Moving On | Teen Ink

Moving On

November 19, 2007
By Anonymous

I stare into the eyes—your eyes. The all too familiar silver blue looks back at me giving me those memorable chills. You always gave me those shivers; your eyes always seemed to look right into me as if they were reading the book of my soul; like they knew things about me I didn’t even know myself. My eyes travel to your frozen-in-time smile, the smile that could turn me into the knees-weak cliché of a girl. Warmth radiates through my blood, sending an affectionate feeling into my stomach. It’s that feeling—that “you” feeling, that I haven’t felt in so long. Too long. I grip the photograph searching as if there’s a hidden meaning underneath the surface, and I just need to unearth it.
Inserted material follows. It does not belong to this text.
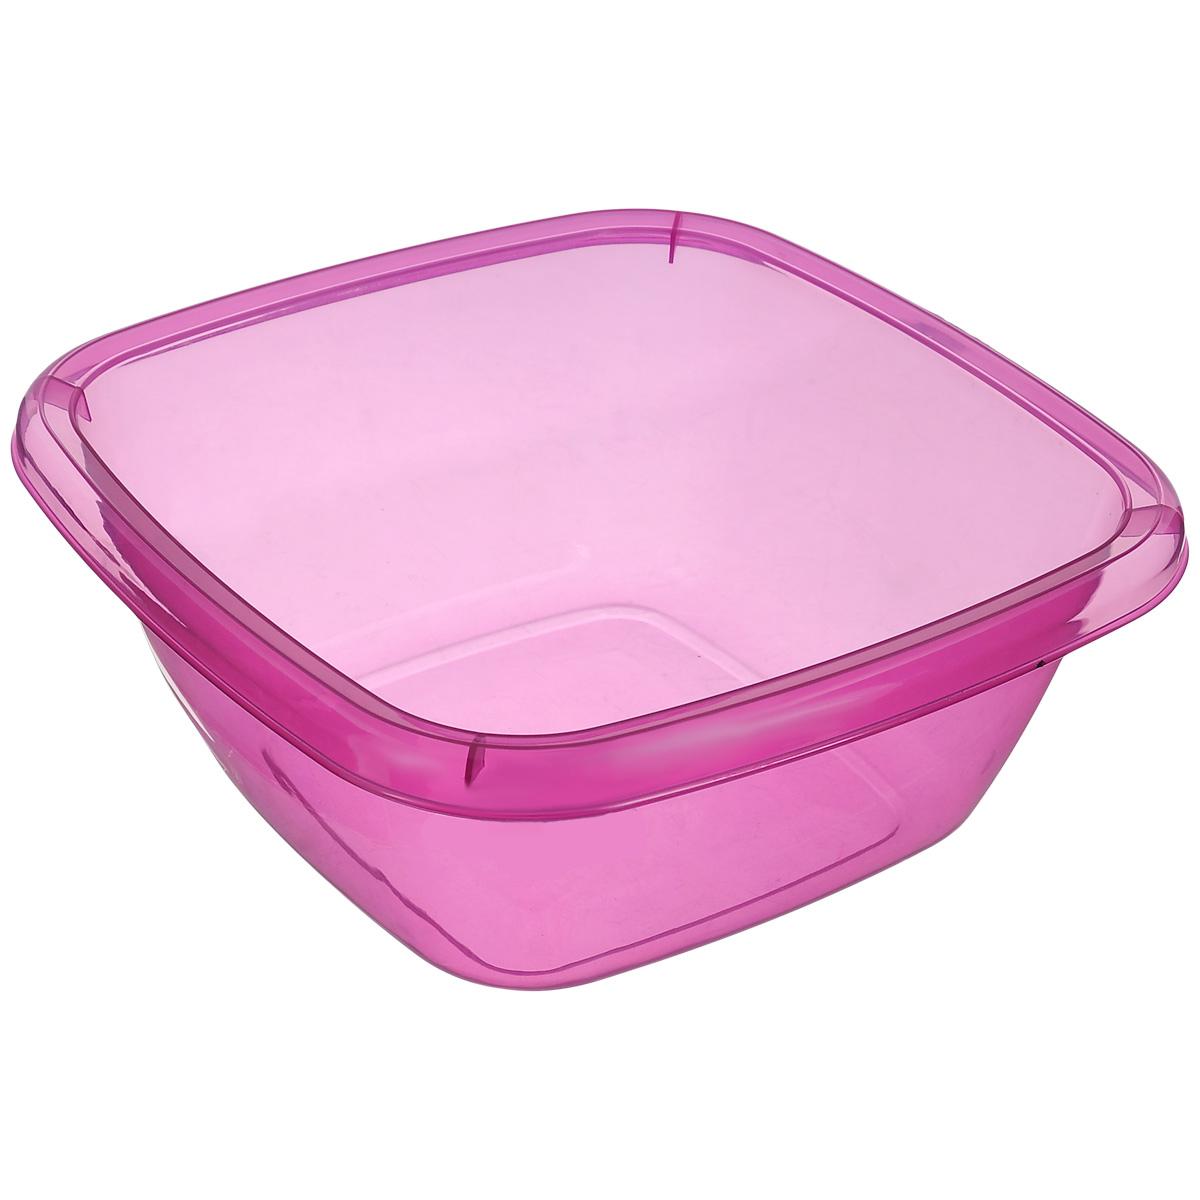 Миска Dunya Plastik, цвет: фиолетовый, 4 л10126_фиолетовыйМиска Dunya Plastik изготовлена из прозрачного пластика, имеет квадратную форму. Такая миска прекрасно подойдет для хранения овощей и фруктов, сервировки салатов и других продуктов. Объем: 4 л. Размер (по верхнему краю): 25 см х 25 см. Высота стенки: 10 см.

And suddenly, there I am. I’m right back there with you. With those pallid smiles and the chiming bells of our tinkling laughter. Vivid camera flashes contrast against the black backdrop of the nighttime sky. Surreptitious winks and the embrace of hands—our hands—that fit into each other like two halves of a whole. That night, I truly believed we were a part of each other, incomplete until together. I suppose it was a childish belief, that conviction that ricocheted in my mind, that notion of soul mates. But, I’m not so naïve anymore. I tear myself away from the memory. My friends always make fun of me for my penchant to reminisce. Really, it’s a habit that’s just going to lead to lead me back downhill. Back to the rock bottom—to you. God appears to have embedded nostalgia in my bones, and I chose to cherish a boy named Disaster. And I learned the hard way that Disaster leads to chaos. Pandemonium, disarray and heartbreak. Disaster shouldn’t be treasured; it shouldn’t be given a value of any sort. Instead, it should be brushed away like dust in the wind; it should be ignored and forgotten. But, I didn’t ignore it. I loved Disaster. I “loved with a love that was more than love”, and I was burned. Love beat me down.

I close my eyes, and set aside the picture, but I can see it in my mind. Long ago I had memorized every detail and every pixel. I’m stuck. I’m sinking into the quicksand of the past and the future seems to turn me away. The future looks as illusive as a moonbeam in my hand, sliding through my fingers. It is only a photograph I remind myself. Yes, it’s only a picture and will always be a picture. It will never be you, or change things that have been. It will never take me back to that state of child like love, trust and hope I had that night, nor will it chisel away this cynicism encasing my heart, gained through this “experience”. So, I burn the picture, burn the memory. And Like the Phoenix I shall rise from the ashes of the forgotten. I shall be reborn from the past. I shall move on.